Translate {-0.02, 0, 0} { Point{5}; }

// And it can be further rotated by -Pi/4 around (0, 0.3, 0) (with the rotation
// along the z axis) with:

Rotate {{0,0,1}, {0,0.3,0}, -Pi/4} { Point{5}; }

// Note that there are no units in Gmsh: coordinates are just numbers - it's up
// to the user to associate a meaning to them.

// Point 3 can be duplicated and translated by 0.05 along the y axis:

Translate {0, 0.05, 0} { Duplicata{ Point{3}; } }

// This command created a new point with an automatically assigned tag. This tag
// can be obtained using the graphical user interface by hovering the mouse over
// the point: in this case, the new point has tag `6'.

Line(7) = {3, 6};
Line(8) = {6, 5};
Curve Loop(10) = {5,-8,-7,3};
Plane Surface(11) = {10};

// To automate the workflow, instead of using the graphical user interface to
// obtain the tags of newly created entities, one can use the return value of
// the transformation commands directly. For example, the `Translate' command
// returns a list containing the tags of the translated entities. Let's
// translate copies of the two surfaces 1 and 11 to the right with the following
// command:

my_new_surfs[] = Translate {0.12, 0, 0} { Duplicata{ Surface{1, 11}; } };

// my_new_surfs[] (note the square brackets, and the `;' at the end of the
// command) denotes a list, which contains the tags of the two new surfaces
// (check `Tools->Message console' to see the message):

Printf("New surfaces '%g' and '%g'", my_new_surfs[0], my_new_surfs[1]);

// In Gmsh lists use square brackets for their definition (mylist[] = {1, 2,
// 3};) as well as to access their elements (myotherlist[] = {mylist[0],
// mylist[2]}; mythirdlist[] = myotherlist[];), with list indexing starting at
// 0. To get the size of a list, use the hash (pound): len = #mylist[].
//
// Note that parentheses can also be used instead of square brackets, so that we
// could also write `myfourthlist() = {mylist(0), mylist(1)};'.

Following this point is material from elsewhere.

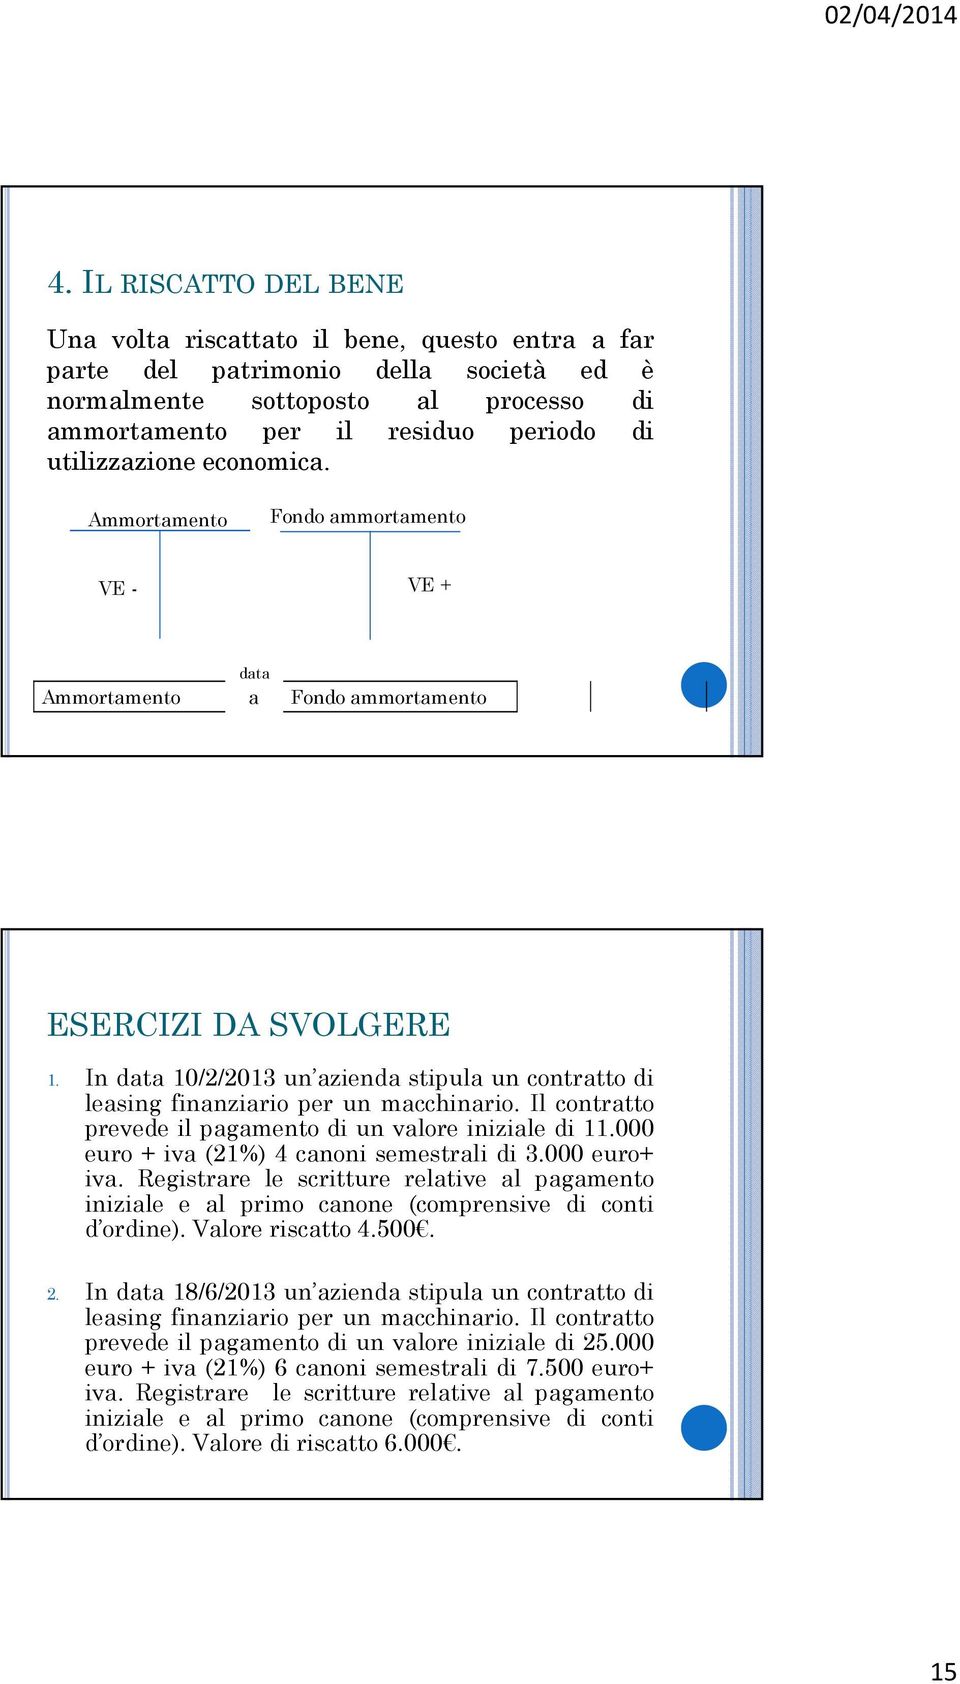 Il contrtto prevede il pgmento di un vlore inizile di 11.000 euro + iv (21%) 4 cnoni semestrli di 3.000 euro+ iv.

// Volumes are the fourth type of elementary entities in Gmsh. In the same way
// one defines curve loops to build surfaces, one has to define surface loops
// (i.e. `shells') to build volumes. The following volume does not have holes
// and thus consists of a single surface loop:

Point(100) = {0., 0.3, 0.12, lc};  Point(101) = {0.1, 0.3, 0.12, lc};
Point(102) = {0.1, 0.35, 0.12, lc};

xyz[] = Point{5}; // Get coordinates of point 5
Point(103) = {xyz[0], xyz[1], 0.12, lc};

Line(110) = {4, 100};   Line(111) = {3, 101};
Line(112) = {6, 102};   Line(113) = {5, 103};
Line(114) = {103, 100}; Line(115) = {100, 101};
Line(116) = {101, 102}; Line(117) = {102, 103};

Curve Loop(118) = {115, -111, 3, 110};  Plane Surface(119) = {118};
Curve Loop(120) = {111, 116, -112, -7}; Plane Surface(121) = {120};
Curve Loop(122) = {112, 117, -113, -8}; Plane Surface(123) = {122};
Curve Loop(124) = {114, -110, 5, 113};  Plane Surface(125) = {124};
Curve Loop(126) = {115, 116, 117, 114}; Plane Surface(127) = {126};

Surface Loop(128) = {127, 119, 121, 123, 125, 11};
Volume(129) = {128};

// When a volume can be extruded from a surface, it is usually easier to use the
// `Extrude' command directly instead of creating all the points, curves and
// surfaces by hand. For example, the following command extrudes the surface 11
// along the z axis and automatically creates a new volume (as well as all the
// needed points, curves and surfaces):

Extrude {0, 0, 0.12} { Surface{my_new_surfs[1]}; }

// The following command permits to manually assign a mesh size to some of the
// new points:

MeshSize {103, 105, 109, 102, 28, 24, 6, 5} = lc * 3;

// We finally group volumes 129 and 130 in a single physical group with tag `1'
// and name "The volume":

Physical Volume("The volume", 1) = {129,130};

// Note that, if the transformation tools are handy to create complex
// geometries, it is also sometimes useful to generate the `flat' geometry, with
// an explicit representation of all the elementary entities.
//
// With the built-in geometry kernel, this can be achieved with `File->Export' by
// selecting the `Gmsh Unrolled GEO' format, or by adding
//
//   Save "file.geo_unrolled";
//
// in the script. It can also be achieved with `gmsh t2.geo -0' on the command
// line.
//
// With the OpenCASCADE geometry kernel, unrolling the geometry can be achieved
// with `File->Export' by selecting the `OpenCASCADE BRep' format, or by adding
//
//   Save "file.brep";
//
// in the script. (OpenCASCADE geometries can also be exported to STEP.)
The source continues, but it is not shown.